++
MEMASUKI kawasan Krueng Geukuh, suasana kembali sepi. Hanya beberapa kendaraan roda empat yang melintas. Wajah Irwan terlihat sedikit tegang. Pasalnya, dari informasi yang didapatnya, dari kawasan tersebut hingga Krueng Mane, tentara republic sering menggelar razia kendaraan.
“Bismillah,” ujarnya pelan tapi suaranya sampai juga ke telinga Teungku Fiah.
“Isya Allah tuhan bersama kita, anakku. Isya Allah aman,” ujar Teungku Fiah tiba-tiba. Mendengar ucapan Teungku Fiah, Irwan justru merasa tak enak hati. Ia seolah menebar ketakutan kepada dua pasukan nanggroe dan keluarga yang sedang di antarnya tersebut.
Keselamatan mereka bersama kini ada di tangannya.
“Teungku mohon dibaca doa peurabun beh. Masih ada ilmu di pesantren dulu kan,” ujar Irwan lagi mencoba bercanda.
Teungku Fiah mengangguk. Ia terlihat berkomat kamit serius. Entah apa yang sedang dibacanya. Demikian juga Mustafa.
Memasuki kawasan Bungkah, jalanan terlihat lebih padat. Sejumlah mobil terlihat antri dan melaju dengan kecepatan lambat. Irwan mulai berkeringat dingin. Namun ia mencoba menenangkan diri.
“Teungku, sepertinya memang ada razia di depan,” ujarnya kemudian.
Sakdiah dan istri Mustafa berwajah pucat. Namun Teungku Fiah justru bersikap biasa. Mustafa sendiri masih bermulut komat-kamit seperti orang yang sedang membaca doa.
“Isya Allah aman. Jalan terus,” ujar Teungku Fiah dengan nada penuh keyakinan.
Dari kejauhan, beberapa pria berpakaian loreng terlihat menenteng senjata laras panjang. Jumlah mereka mencapai belasan orang. Ada sejumlah mobil yang diperiksa. Beberapa penumpang diturunkan dan baju mereka dicopot.
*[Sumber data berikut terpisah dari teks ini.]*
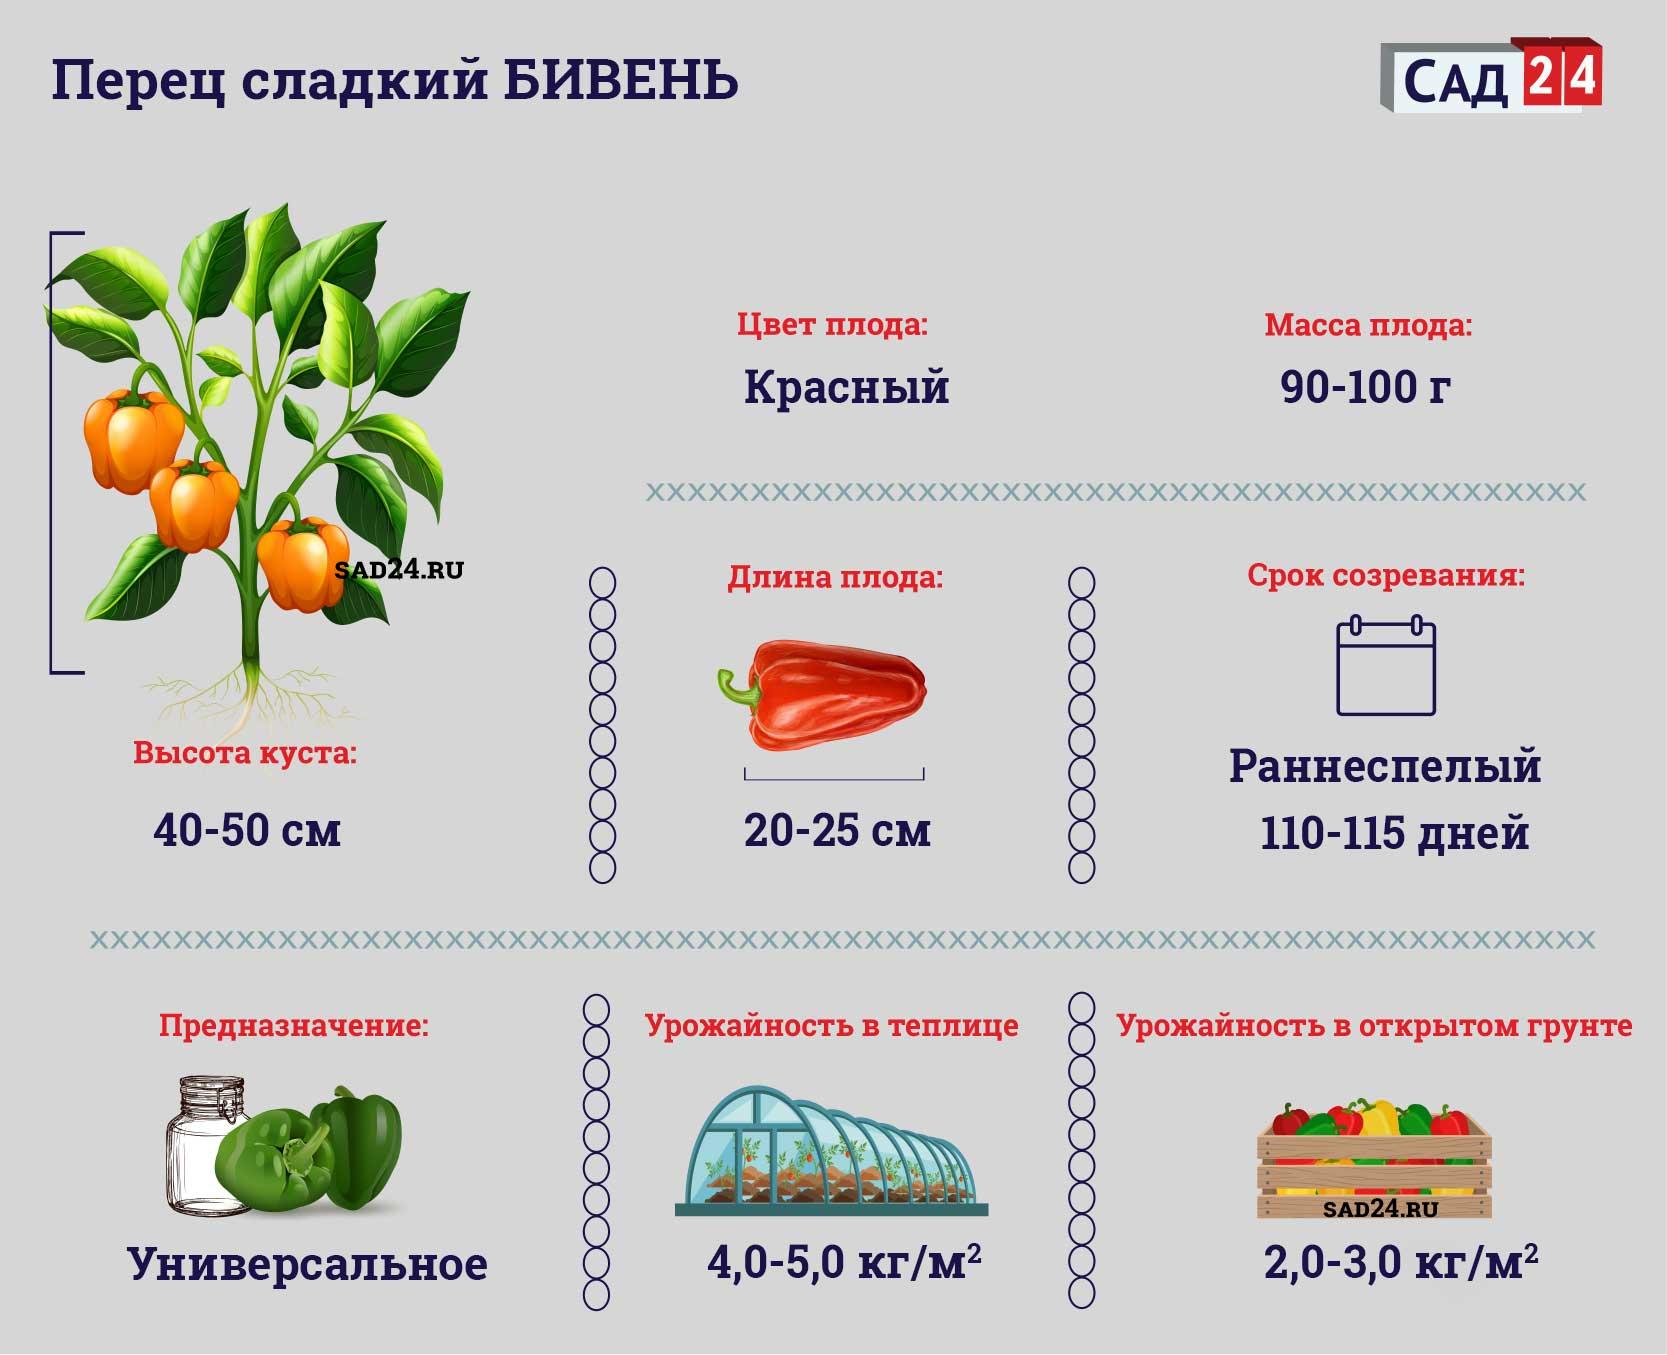 Бивень - https://sad24.ru

Sedangkan mobil L300 yang disupiri Siwan hanya berjarak 5 meter dari pengeledahan tadi. Atau mobil ketiga yang akan diperiksa.
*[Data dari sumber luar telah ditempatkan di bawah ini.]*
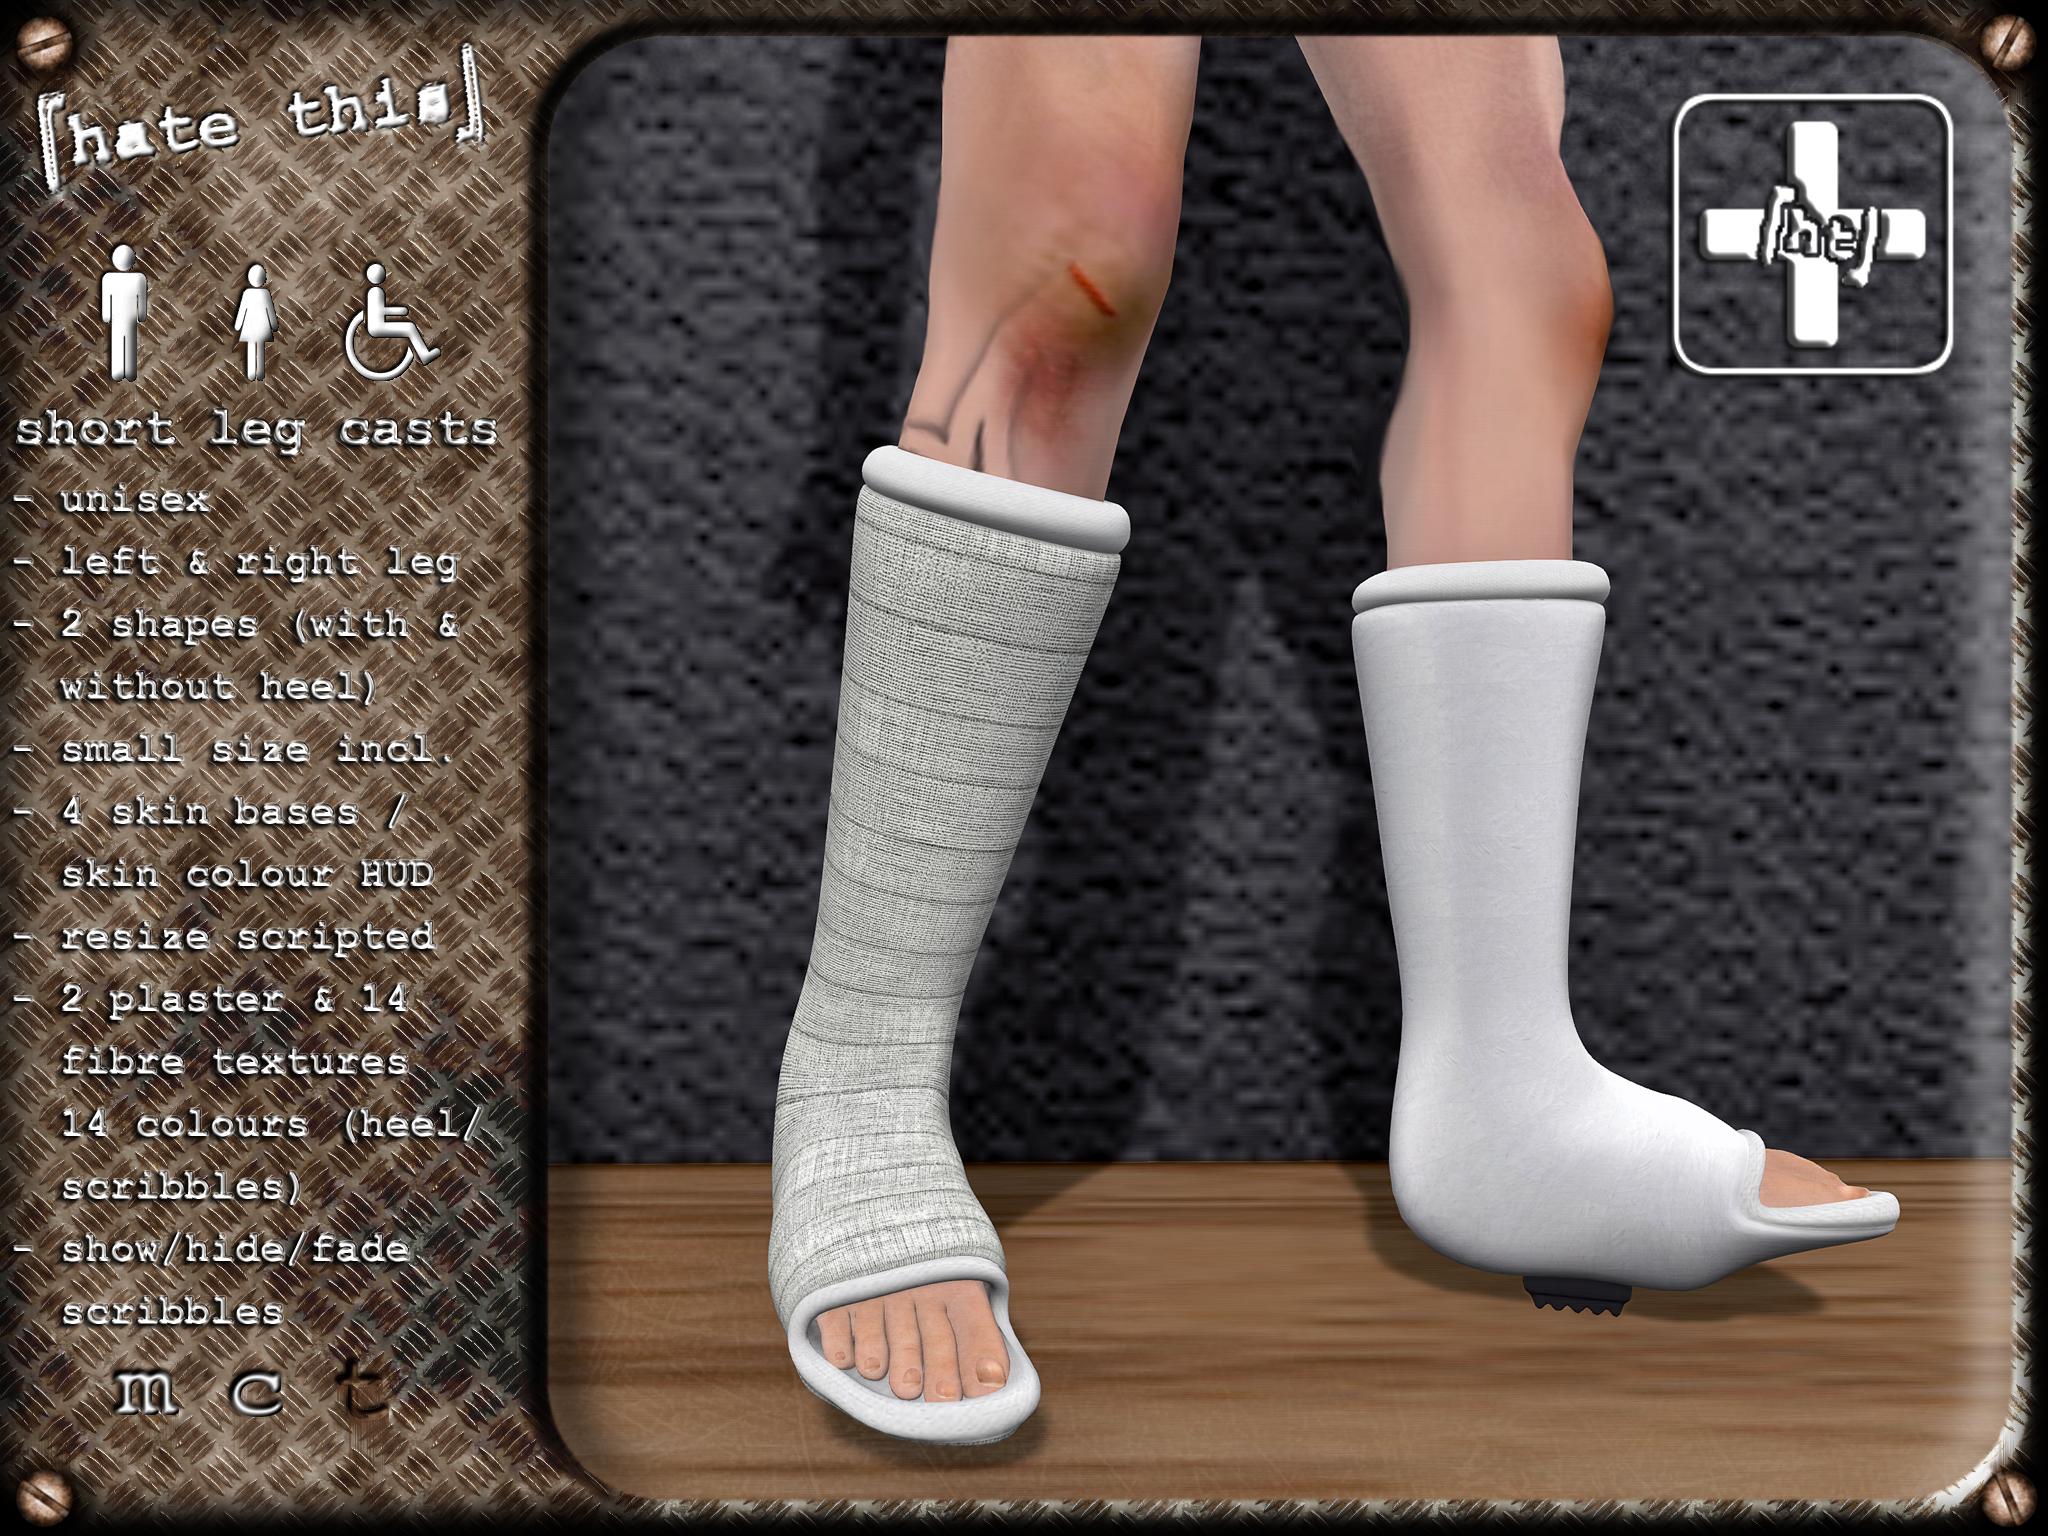 [ht ] short leg casts - Leg Cast PNG

“Ya Allah, selamatkan kami,” ujar Irwan pelan.
Usai pemeriksaan dua mobil di depan, seorang pria berpakaian loreng berjalan ke arah mereka. Pria itu menenteng senjata dengan posisi siaga.
Pria itu memasang wajah masam. Ia mengamati isi mobil dengan seksama. Pandangannya kemudian beralih ke Irwan.
“Mau kemana malam-malam?” tanya pria itu.
Irwan terdiam. Ia mencoba menguasai diri serta tak salah tingkah di depan tentara itu. Salah tingkah justru akan membuat sang tentara semakin curiga dan akhirnya mereka tertangkap.
“Malam pak. Mau ke Banda Aceh. Lagi kejar setoran,” ujar Irwan asal. Sang tentara kembali melihat isi mobil. Pandangannya datar.
“Bisa lihat KTP, SIM dan kelengkapan surat kendaraan?” ujar tentara itu lagi. Irwan mengangguk dan menyerahkan semua keterangan yang diminta oleh sang tentara. Saat meminjam mobil L300 tadi, Irwan memang meminta kelengkapan surat untuk mengantisipasi keadaan seperti sekarang.
Yang jadi kekhawatiran Irwan, justru jika tentara meminta KTP milik Teungku Fiah dan keluarga di dalam mobil. Pasalnya, sejumlah mobil di depan mereka, para penumpangnya dipaksa turun semua. Baju penumpang laki-laki bahkan diminta copot untuk melihat hal-hal yang mencurigakan.
“Coba buka bagian belakang. Saya mau lihat isinya,” ujar Tentara itu lagi. Dua tentara lainnya mendekati Irwan. Irwan kembali membuka bagian belakang mobil. Isinya adalah tas pakaian istri Mustafa dan Sakdiah.
Namun ketiga tentara tak menyentuh barang tersebut sedikitpun. Ini membuat Irwan keheran-heranan.
“Mobil kosong begini, kenapa memutuskan untuk tetap narik malam-malam?” ujar seorang tentara lainnya.
Irwan terdiam. Ia seolah tak percaya dengan apa yang disampaikan oleh para tentara tersebut.
“Menjemput rombongan dari Banda Aceh untuk pulang ke Panton Labu, pak,” ujar Irwan.